About this task = With the images removed, return every line below exactly as it reads.

Data block =
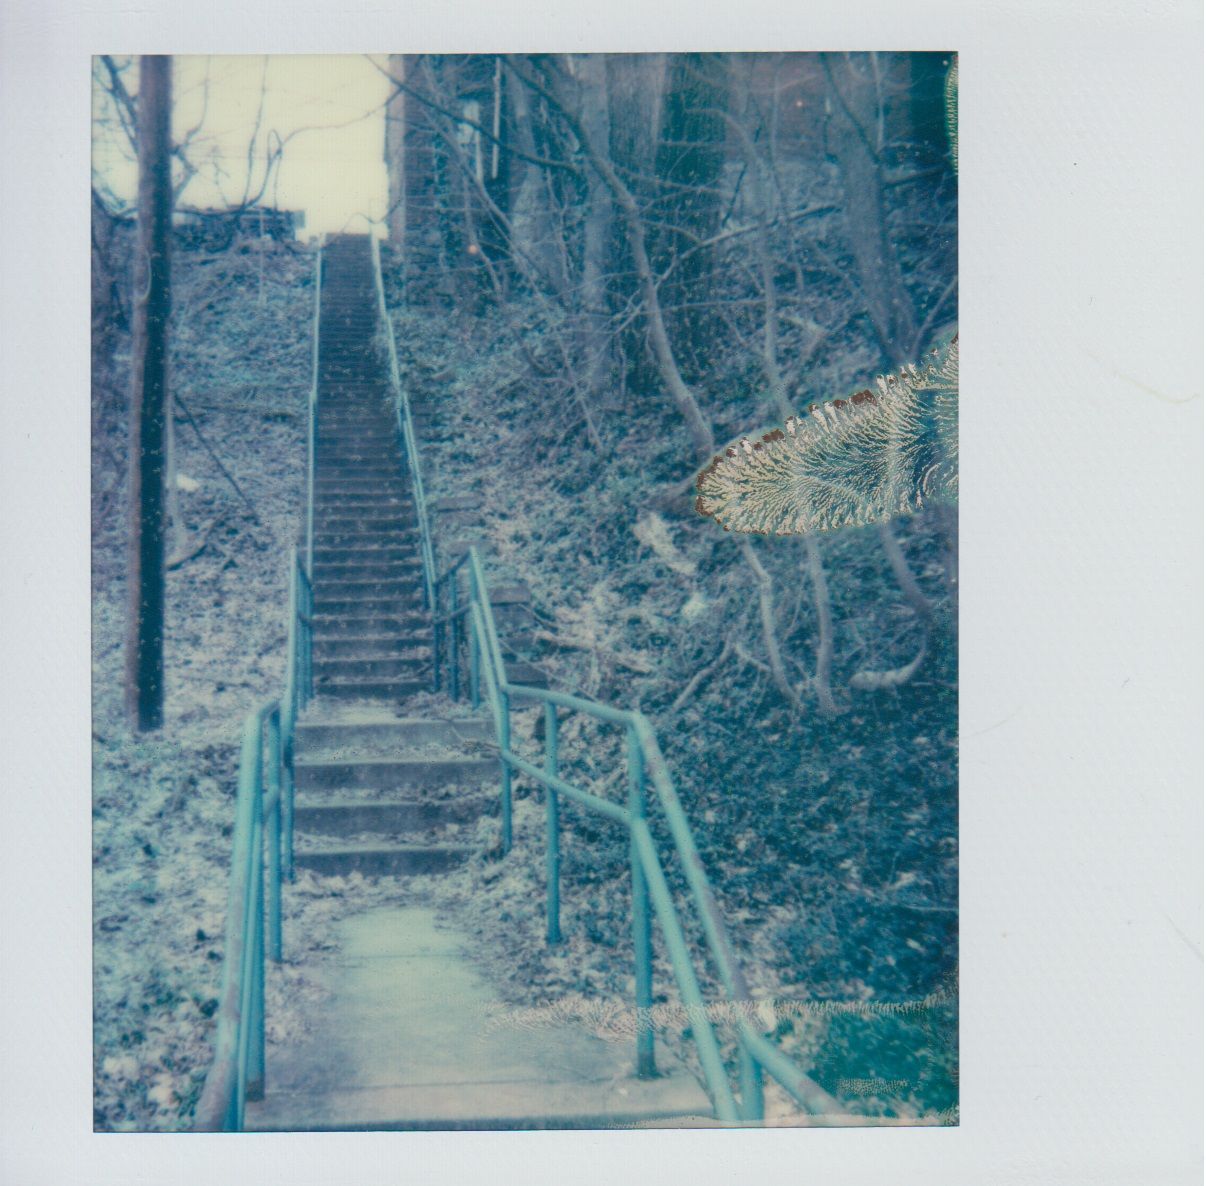 Interview: Laura Zurowski (Mis-steps) on Making Art About the Iconic Public Stairways of Pittsburgh
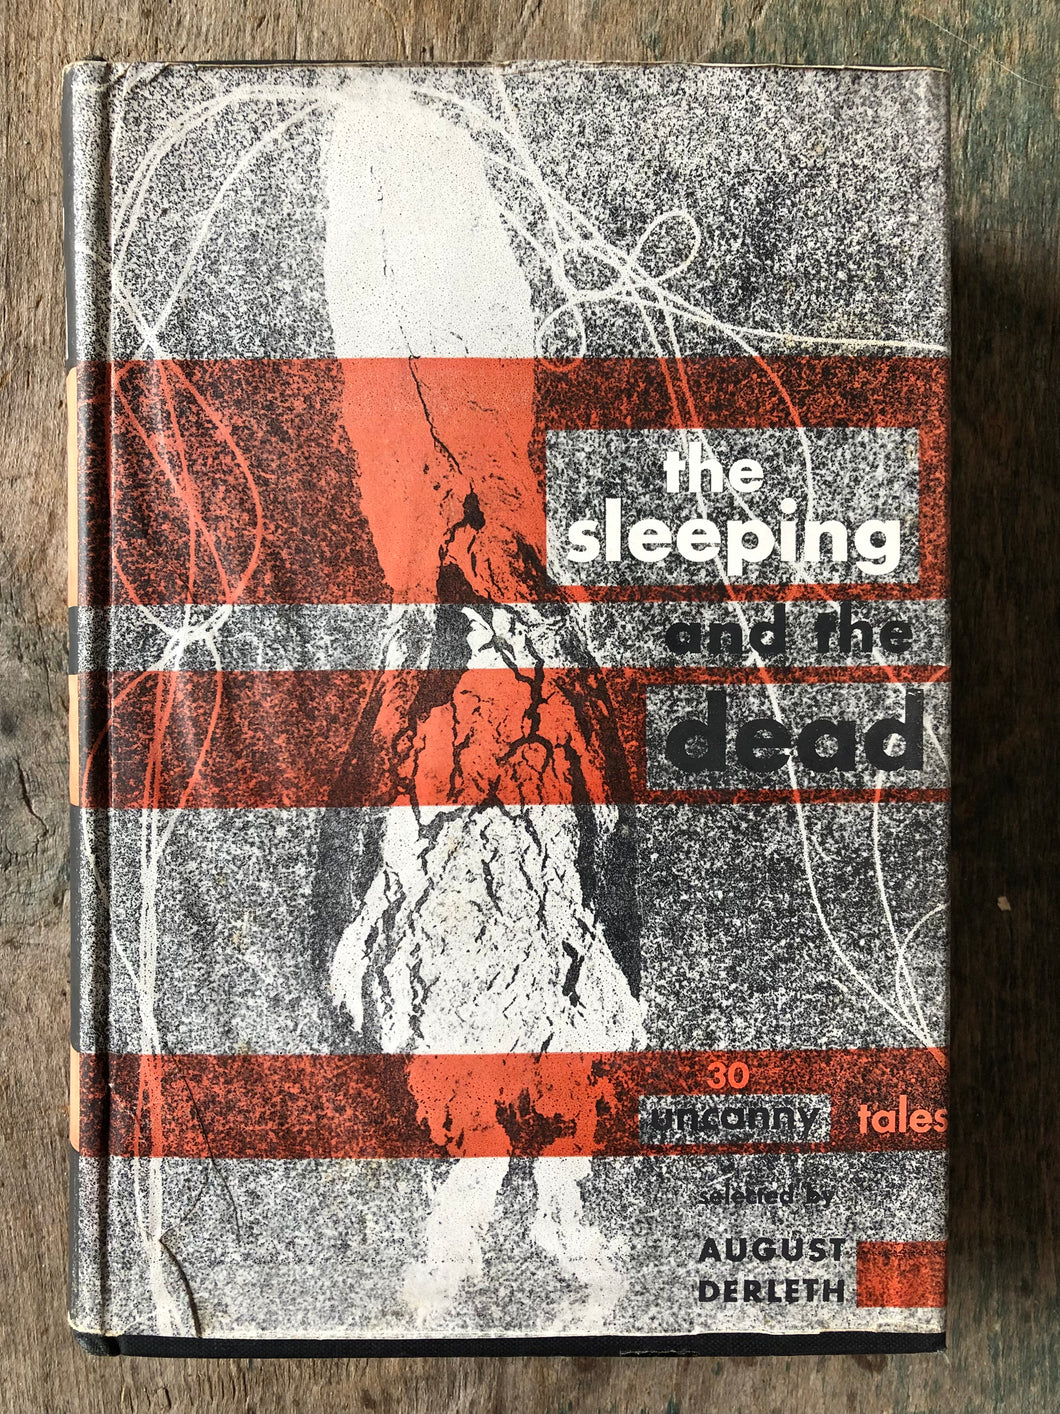 The Sleeping and the Dead: Thirty Uncanny Tales Selected by August Derleth
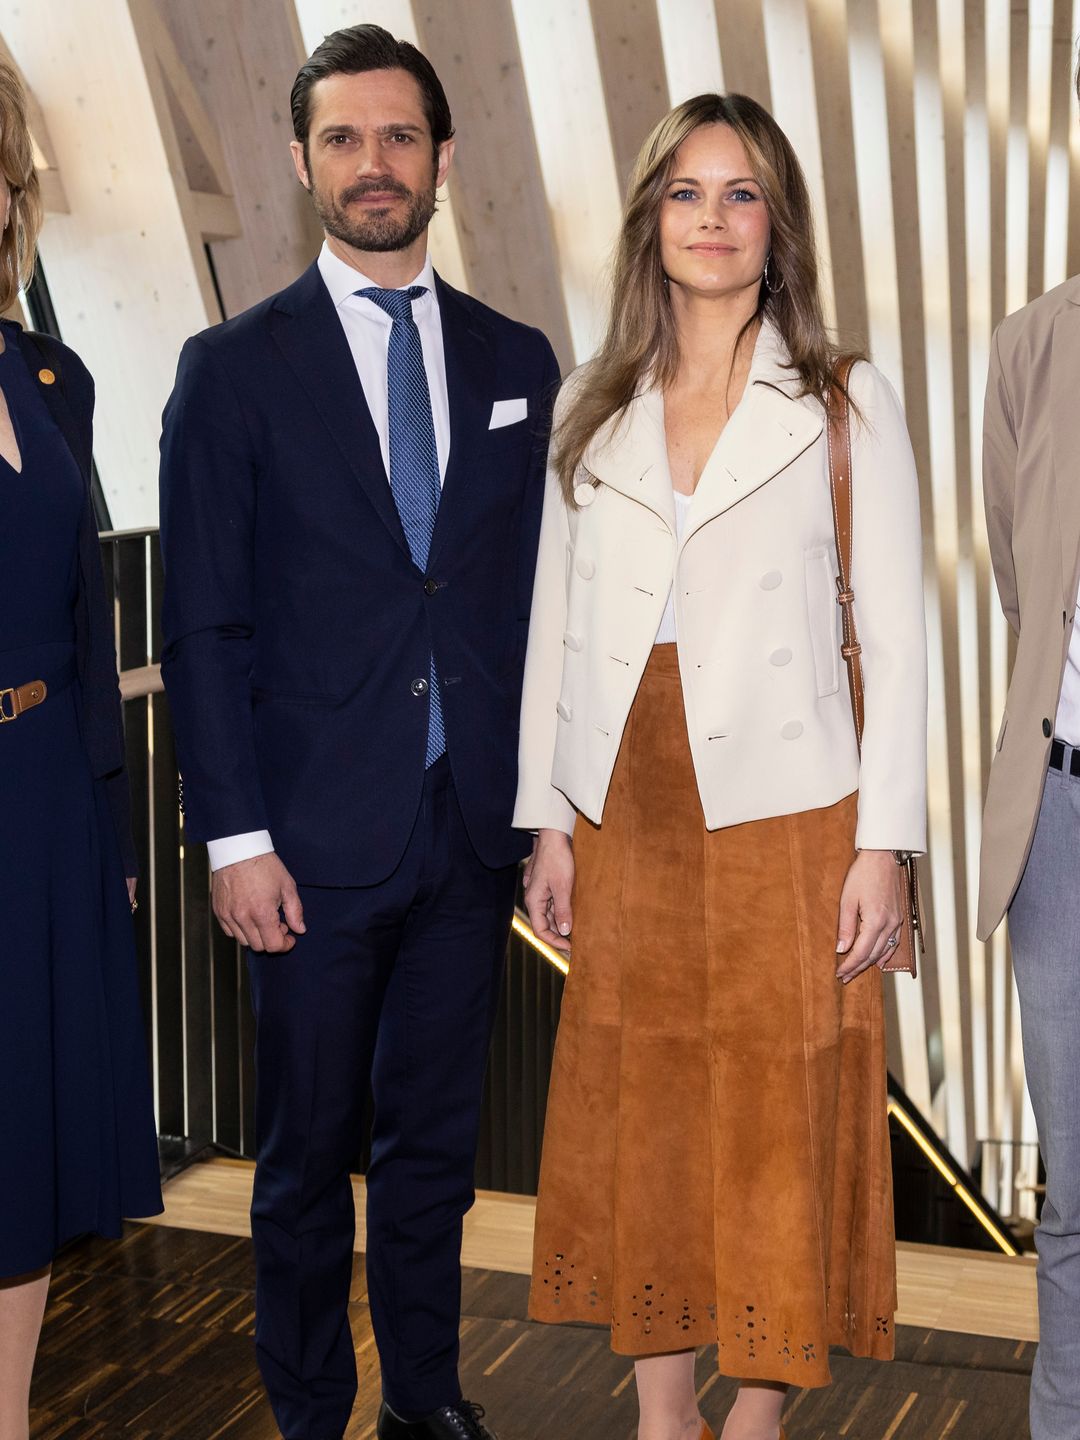 Princess Sofia and Prince Carl Philip of Sweden arrive at the Karolinska Institute to attend a seminar on "Research In Neuropsychiatric Disabilities" on April 25, 2023

Exercise answer =
 Interview: Laura Zurowski (Mis-steps) on Making Art About the Iconic Public Stairways of Pittsburgh
 The Sleeping and the Dead: Thirty Uncanny Tales Selected by August Derleth
 Princess Sofia and Prince Carl Philip of Sweden arrive at the Karolinska Institute to attend a seminar on "Research In Neuropsychiatric Disabilities" on April 25, 2023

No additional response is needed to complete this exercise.